• Problem statement: What you return must match the data below exactly, minus any pictures.

• Provided data:
● ● ● ● ● ● ●

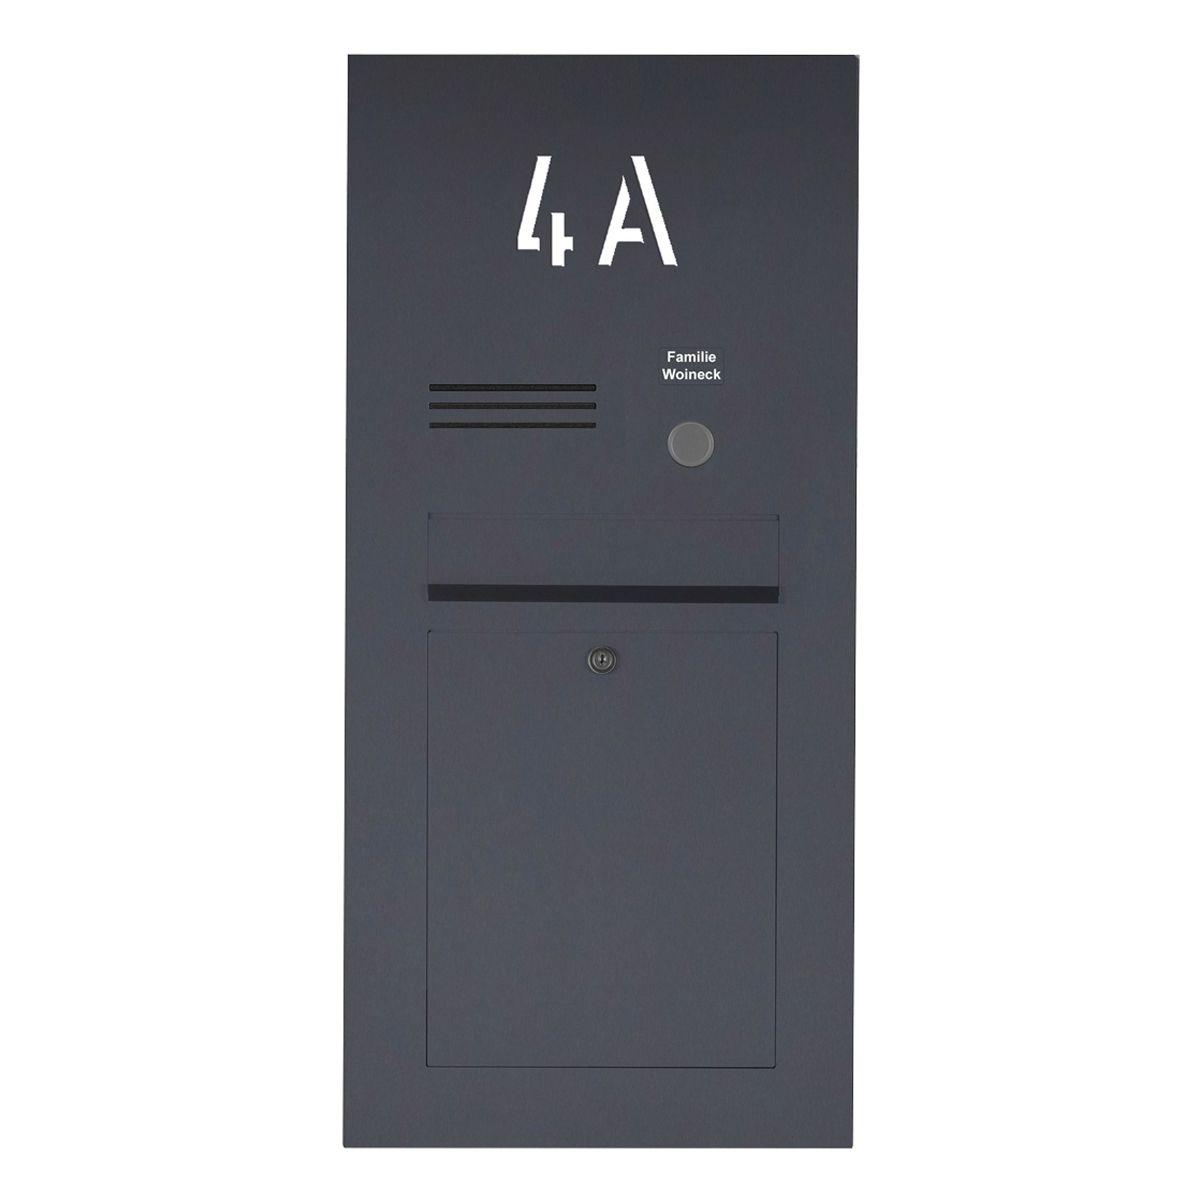 Edelstahl Briefkasten Designer Mit Hausnummer Hinterbeleuchtet Ral Nach Wahl Individuell In 2020 Briefkasten Beleuchten Kasten
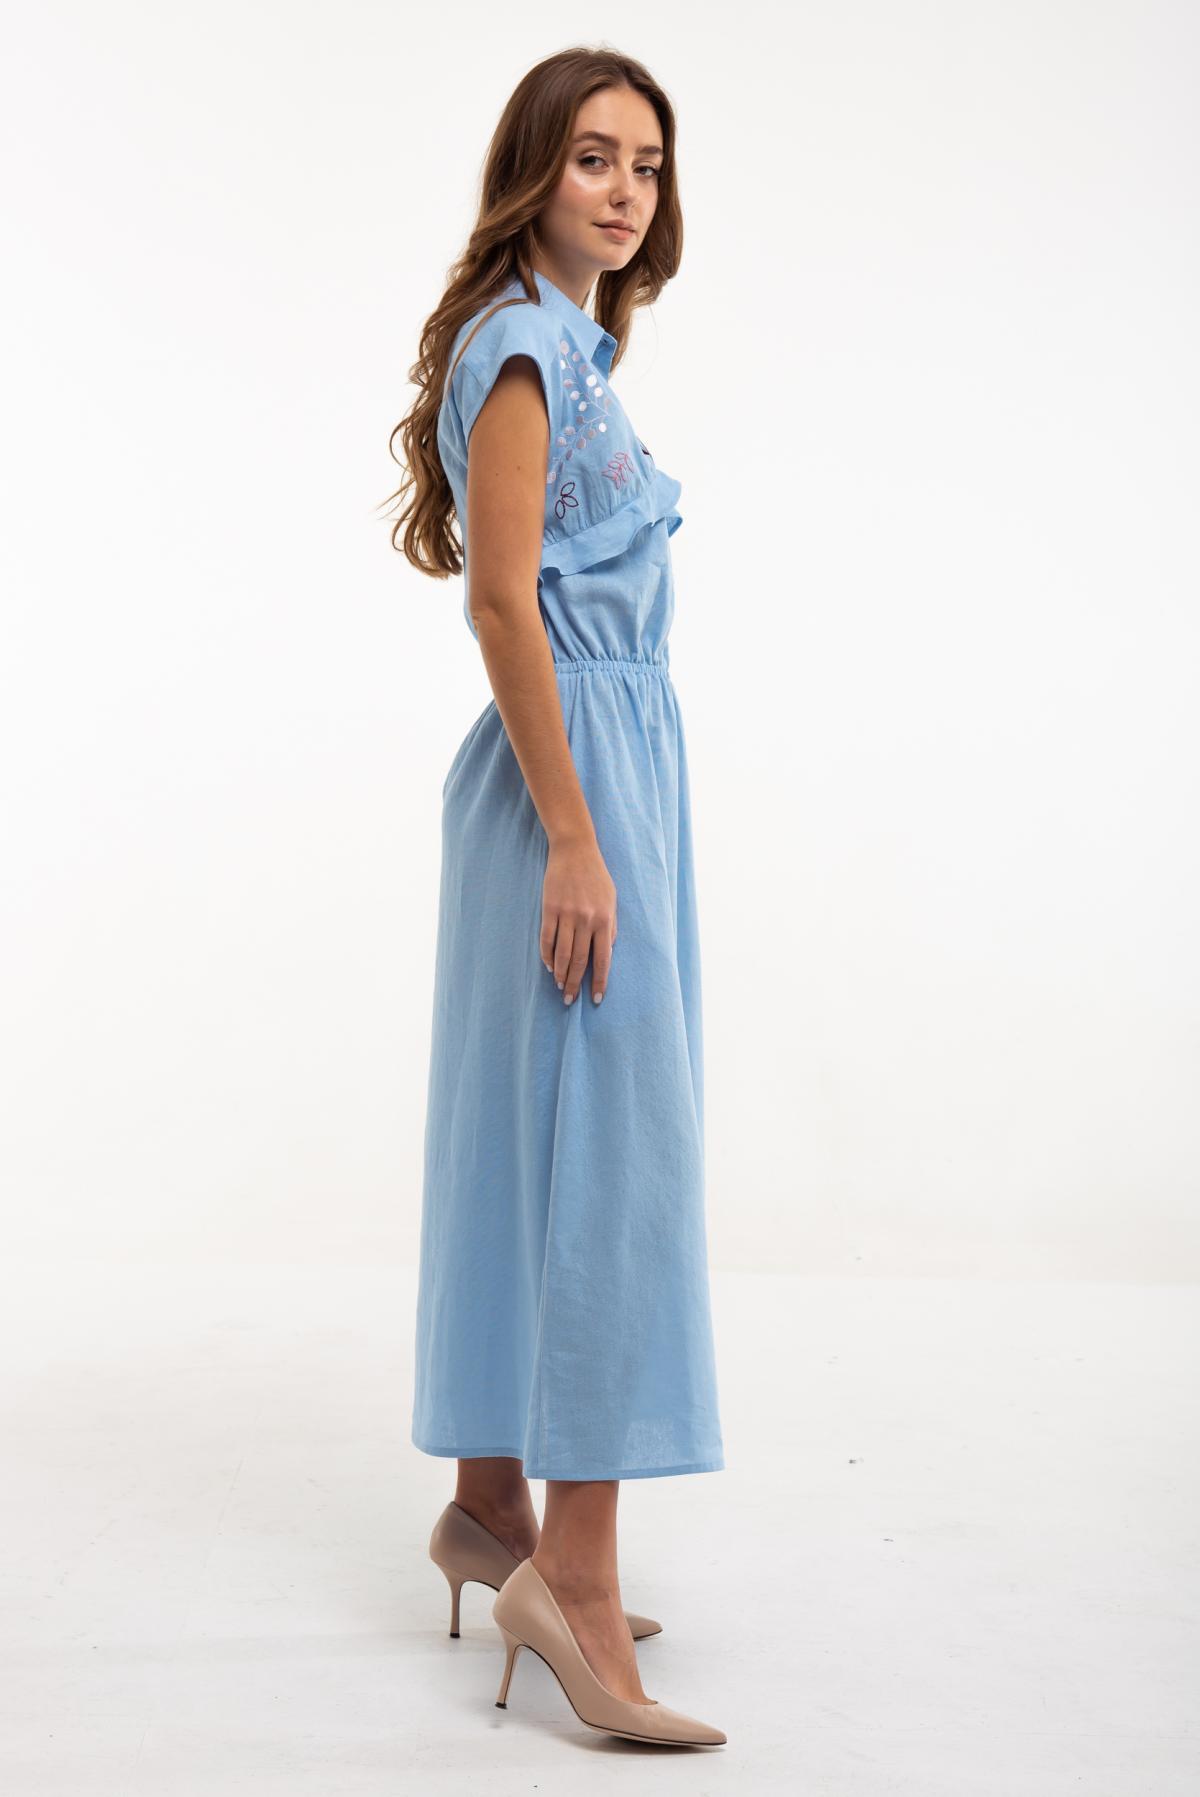 Dress with embroidery Sutsvittya light blue. Photo №2. | Narodnyi dim Ukraine
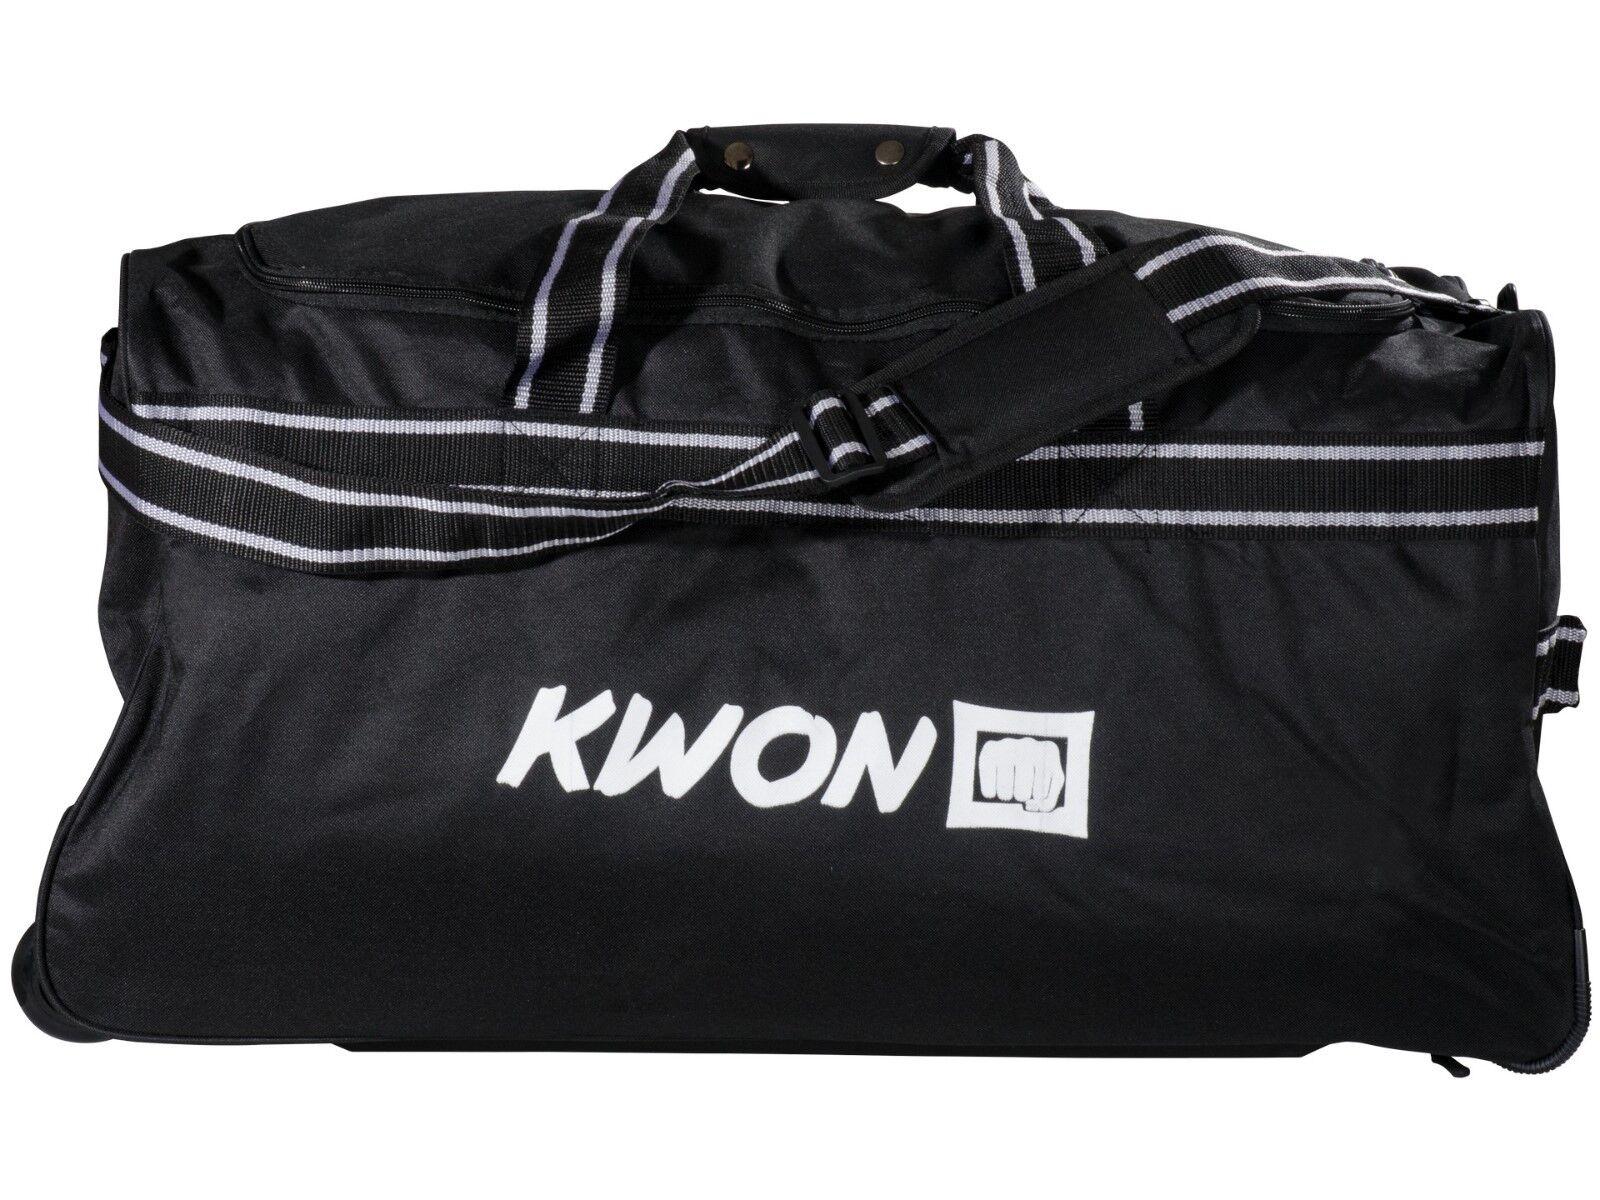 Kwon borsa a rossoelle, 743736 cm, arti marziali, palestra, MMA, Sport, Tempo Libero
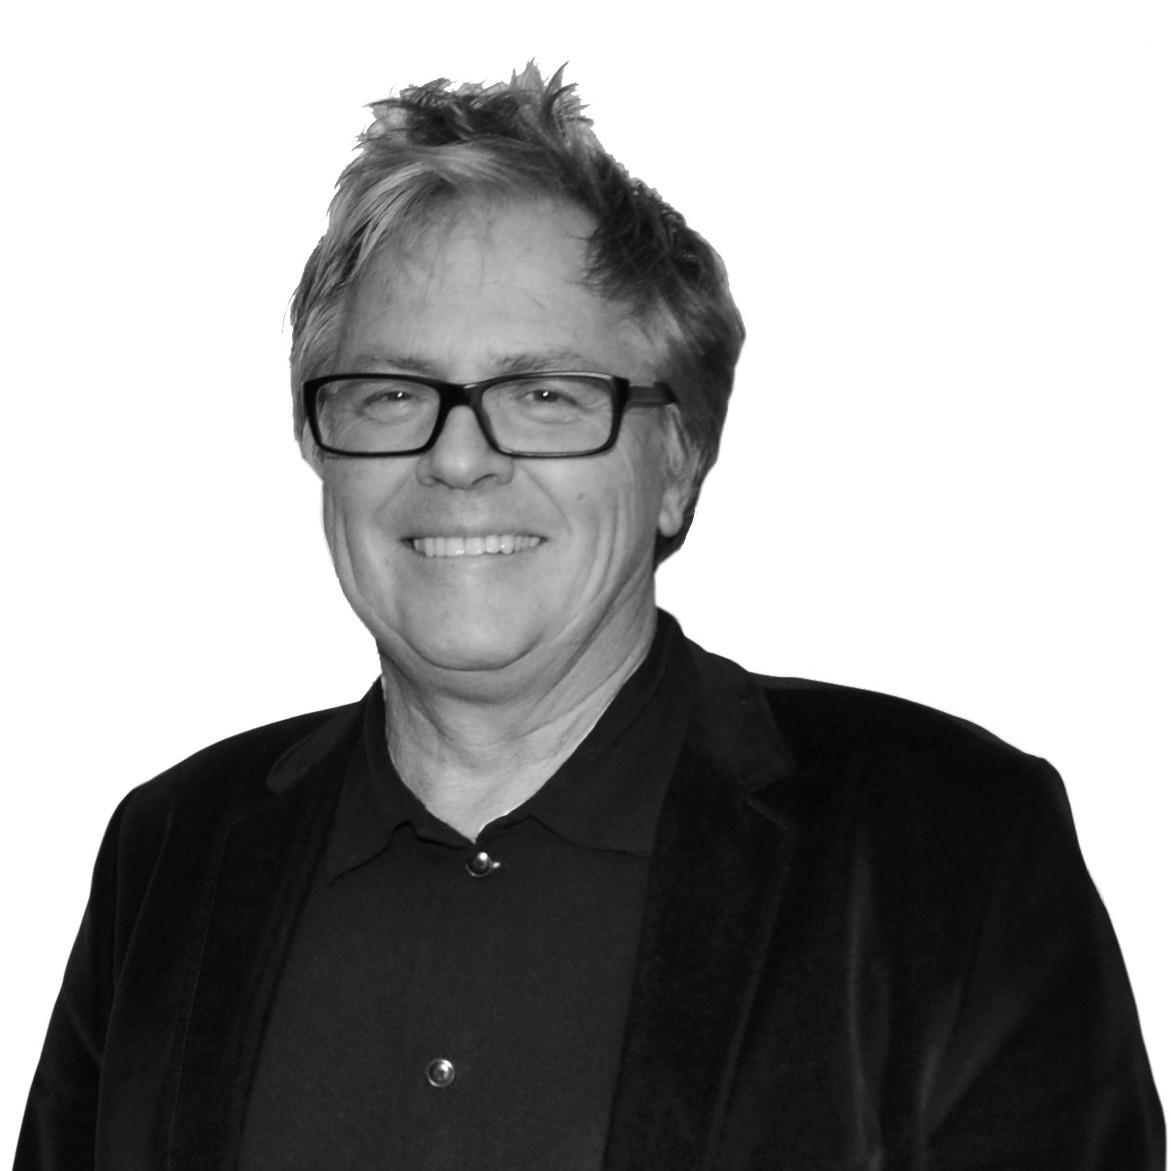 Andreas Weicken

● ● ● ● ● ● ●

• Solution to this task:
 Edelstahl Briefkasten Designer Mit Hausnummer Hinterbeleuchtet Ral Nach Wahl Individuell In 2020 Briefkasten Beleuchten Kasten
 Dress with embroidery Sutsvittya light blue. Photo №2. | Narodnyi dim Ukraine
 Kwon borsa a rossoelle, 743736 cm, arti marziali, palestra, MMA, Sport, Tempo Libero
 Andreas Weicken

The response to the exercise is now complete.